• [COLLECTED MATERIAL]
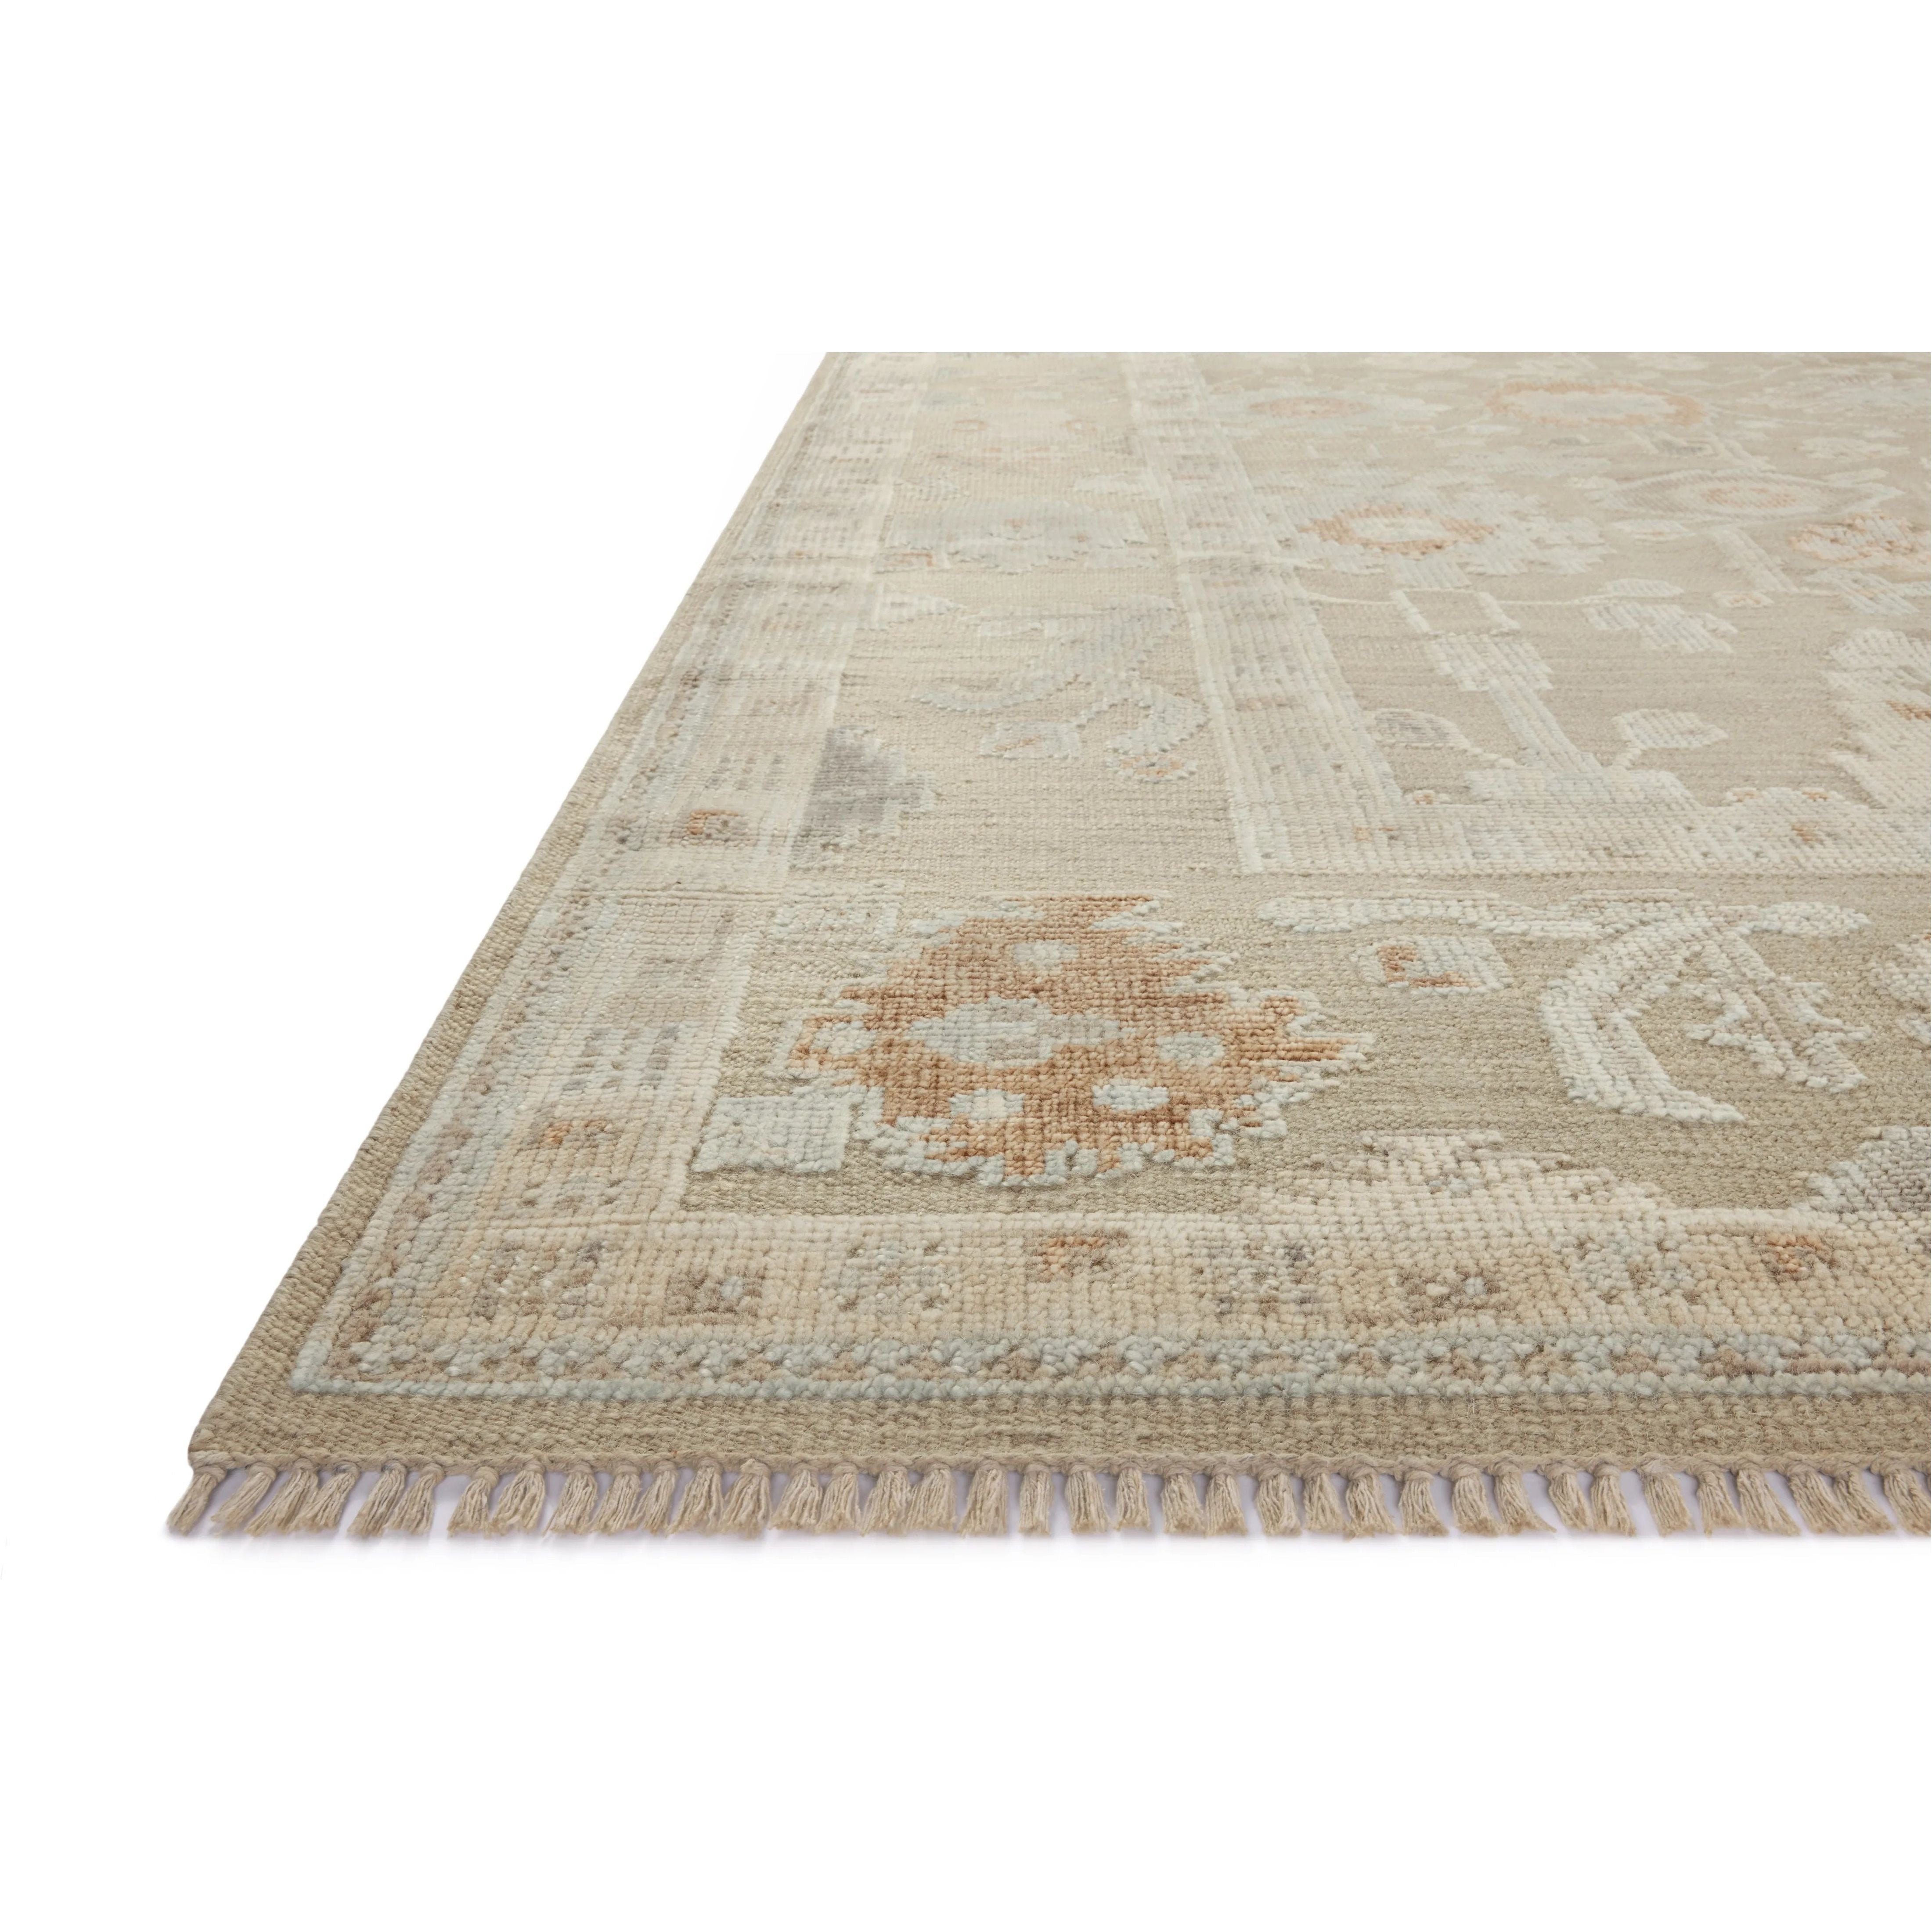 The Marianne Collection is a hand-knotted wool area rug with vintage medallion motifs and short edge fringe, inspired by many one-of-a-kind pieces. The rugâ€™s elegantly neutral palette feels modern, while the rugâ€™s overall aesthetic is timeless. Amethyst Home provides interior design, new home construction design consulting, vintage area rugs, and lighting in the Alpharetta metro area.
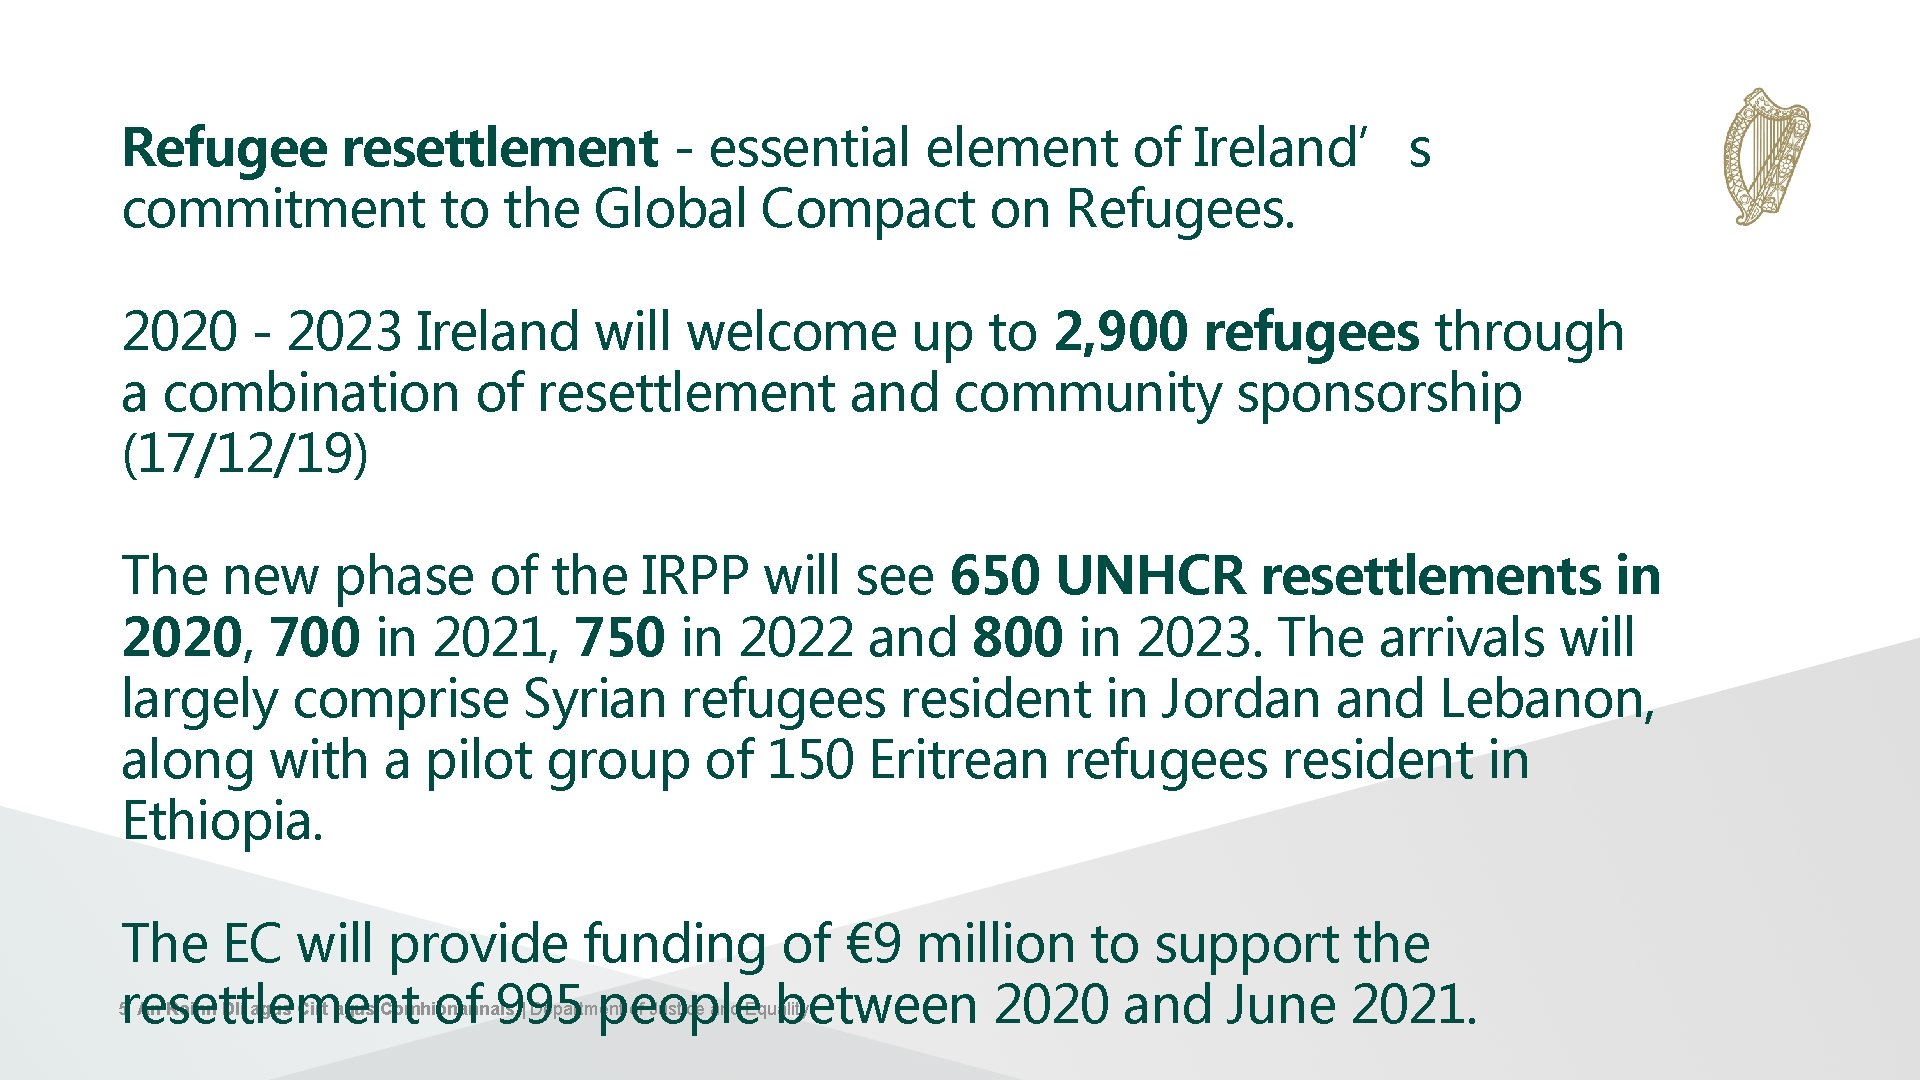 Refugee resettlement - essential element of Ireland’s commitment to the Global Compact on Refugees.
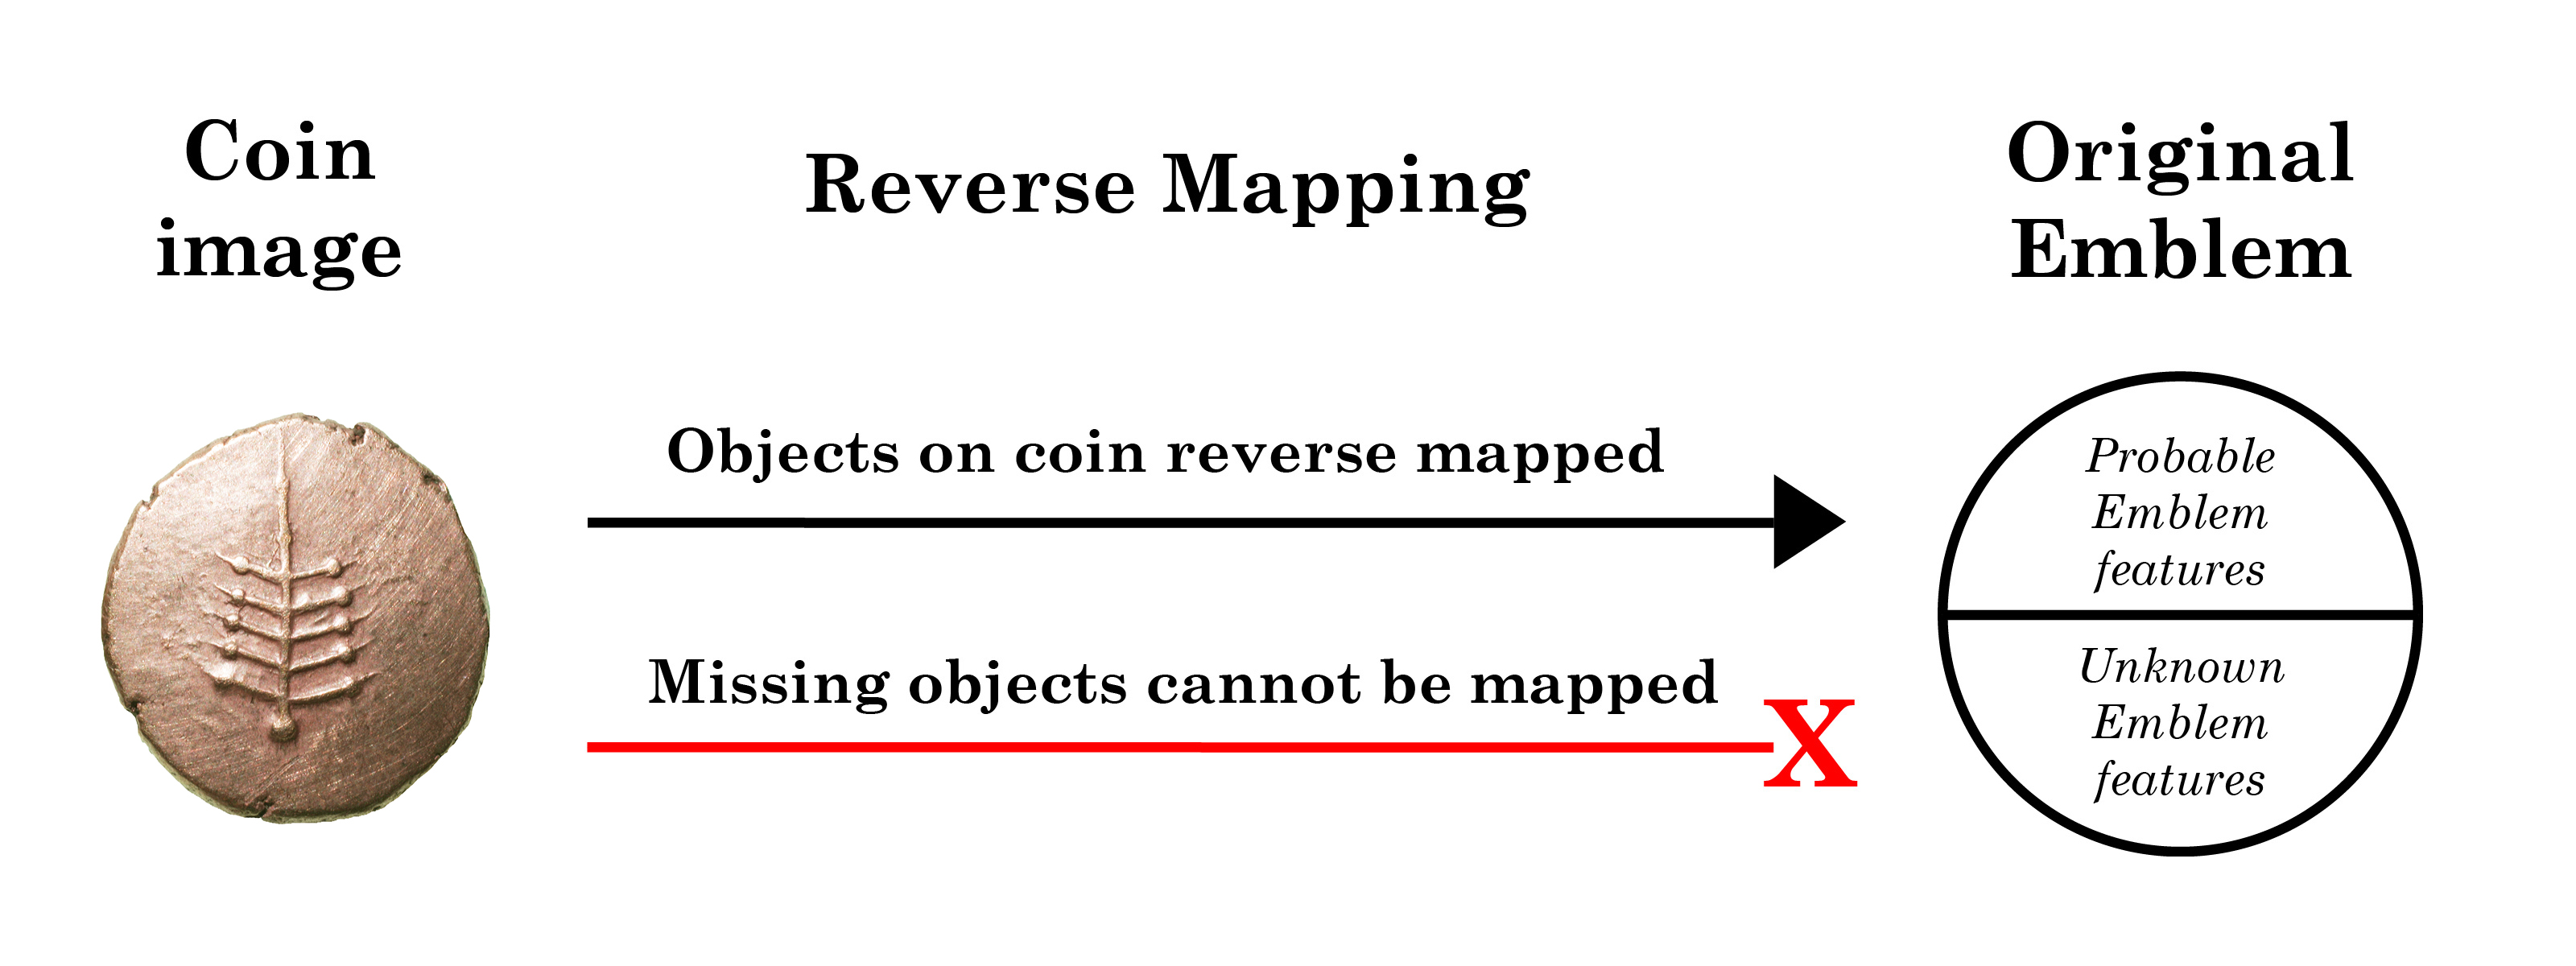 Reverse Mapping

• [TASK ITEM]
When you copy the data above, keep each line exact and omit the pictures.

• [RESPONSE TO THIS TASK]
 The Marianne Collection is a hand-knotted wool area rug with vintage medallion motifs and short edge fringe, inspired by many one-of-a-kind pieces. The rugâ€™s elegantly neutral palette feels modern, while the rugâ€™s overall aesthetic is timeless. Amethyst Home provides interior design, new home construction design consulting, vintage area rugs, and lighting in the Alpharetta metro area.
 Refugee resettlement - essential element of Ireland’s commitment to the Global Compact on Refugees.
 Reverse Mapping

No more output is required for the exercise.